Last modified by Anum Afzal Nov 22, 2022

Project Overview

With the ever-increasing amount of textual data being created, stored, and digitized, companies and researchers have a large corpora at their disposal that could be processed into useful information. Perusal and encapsulation of such data usually require domain experts which are both costly and time-consuming. Many companies and researchers have a huge corpora of information at their disposal, that is to say, if this information is analyzed and summarized, it has the potential to open doors for newer and faster ways of information management and analysis. Abstractive Text Summarization using Natural Language Processing (NLP) techniques, is a powerful tool that can provide aid for this task. Usually, the summarization is done by a domain expert who can understand and then extract insights from these documents. This is not efficient because of the costs involved in hiring a domain expert but also the manual repetition associated with it.
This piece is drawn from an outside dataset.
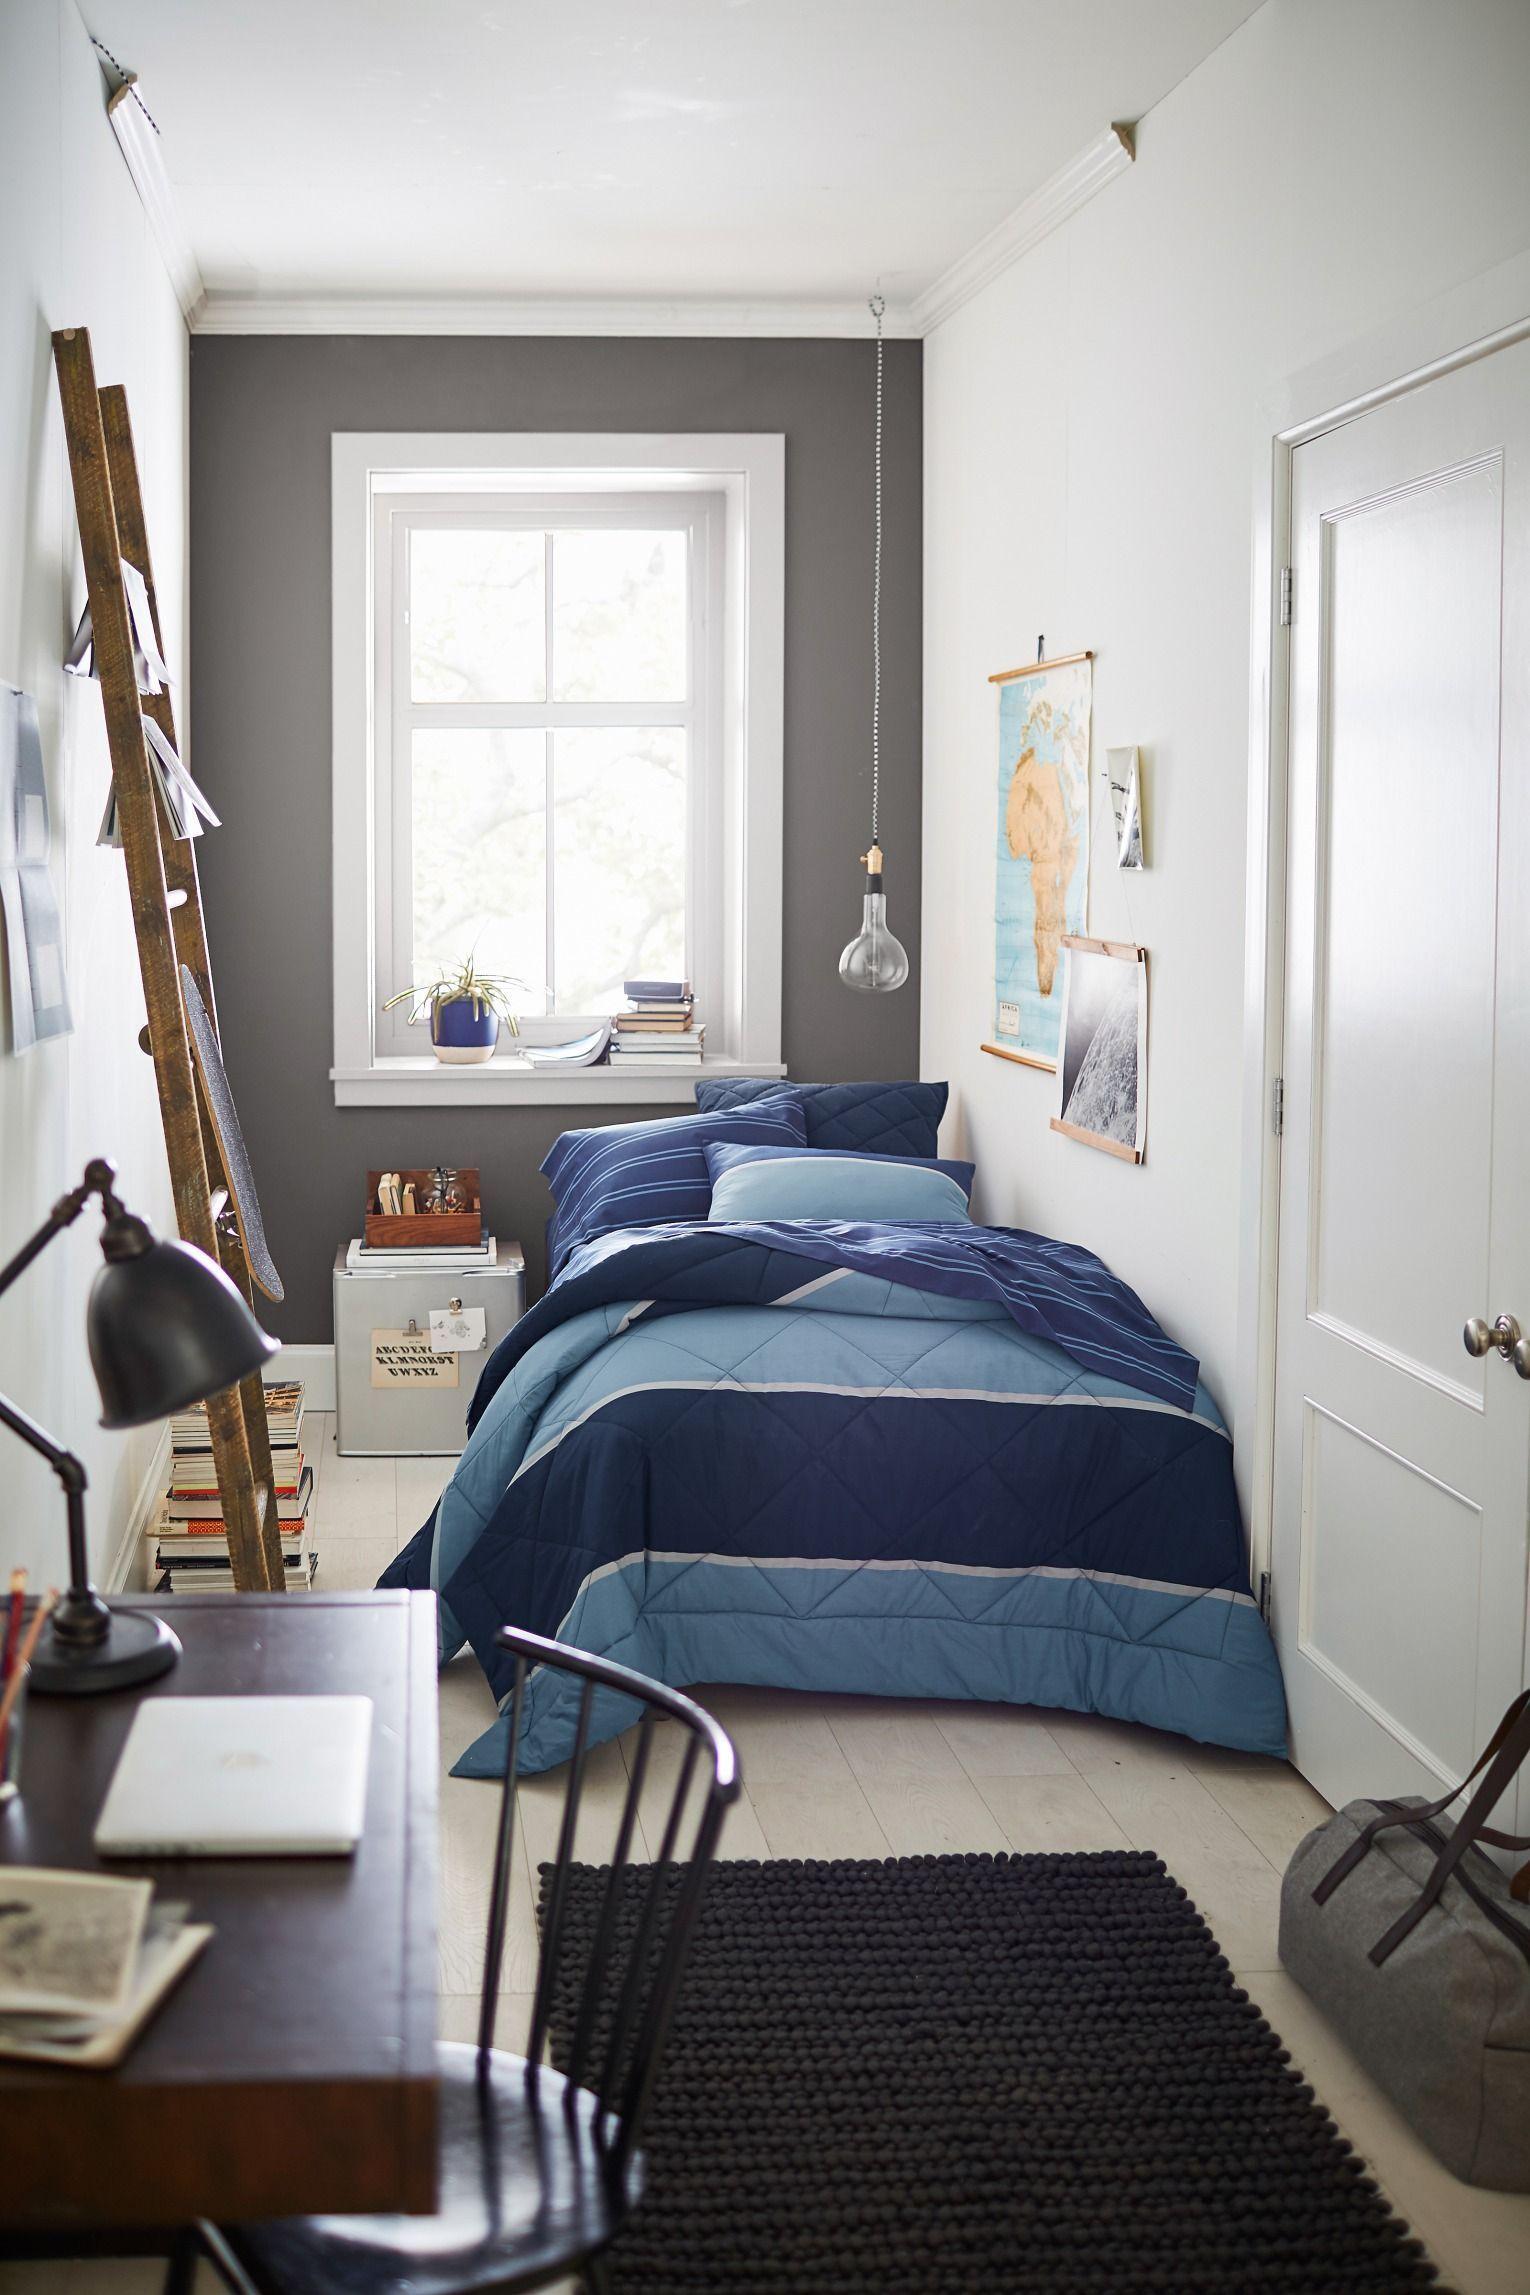 Best Amazing Bedroom Design Ideas Simple Modern Minimalist 640 x 480

In many sectors, stakeholders rely on these documents to make critical decisions or to get a global picture of the situation.This would in some cases mean summarizing financial reports for a board member, performing risk assessment, or summarization of a medical article to understand the key findings in a research field. It allows researchers and leaders to get insights into a field without spending hours searching through all these unstructured documents.Text summarization is a technique in Natural Language Processing that understands the text using state-of-the-art algorithms, that then generates summaries that express the salient features of the text without any human input.This can be useful when the researchers want to get the main idea of a paper, or stakeholders who want to get an overview of financial or risk reports which would essentially help them make better decisions. Furthermore, this would also open new ways for people without any domain knowledge to access and understand the salient ideas of the text and perhaps also build up on it.In a nutshell, text summarization can be used to simulate the work of an intelligent analyst, reduce search time and find relevant information much faster. Text summarization of domain-specific documents as compared to summarization of general documents is more difficult and poses three main challenges. First, it involves keywords and concepts which are troublesome even for people without explicit domain knowledge. Since these keywords and concepts are not part of the model’s original training, it doesn’t perform well in the summarization of domain-specific documents. This can be solved by either employing Transfer Learning techniques or training the model from scratch on a domain-specific corpus. Secondly, state-of-the-art text summarization models suffer from the limitation of the input size of the text because they have quadratic complexity. This affects news articles, scientific articles, financial documents, or essentially any domain that deals with large documents. To tackle this, a model architecture that can easily process large documents is desired. A newer generation of models known as Efficient Transformers work towards that and can be used for a text summarization task. Lastly, language models often times hallucinate by generating text that may not be factually true.In this project, certain measures would be taken to implement fact-checking on the generated summaries to minimize model hallucination.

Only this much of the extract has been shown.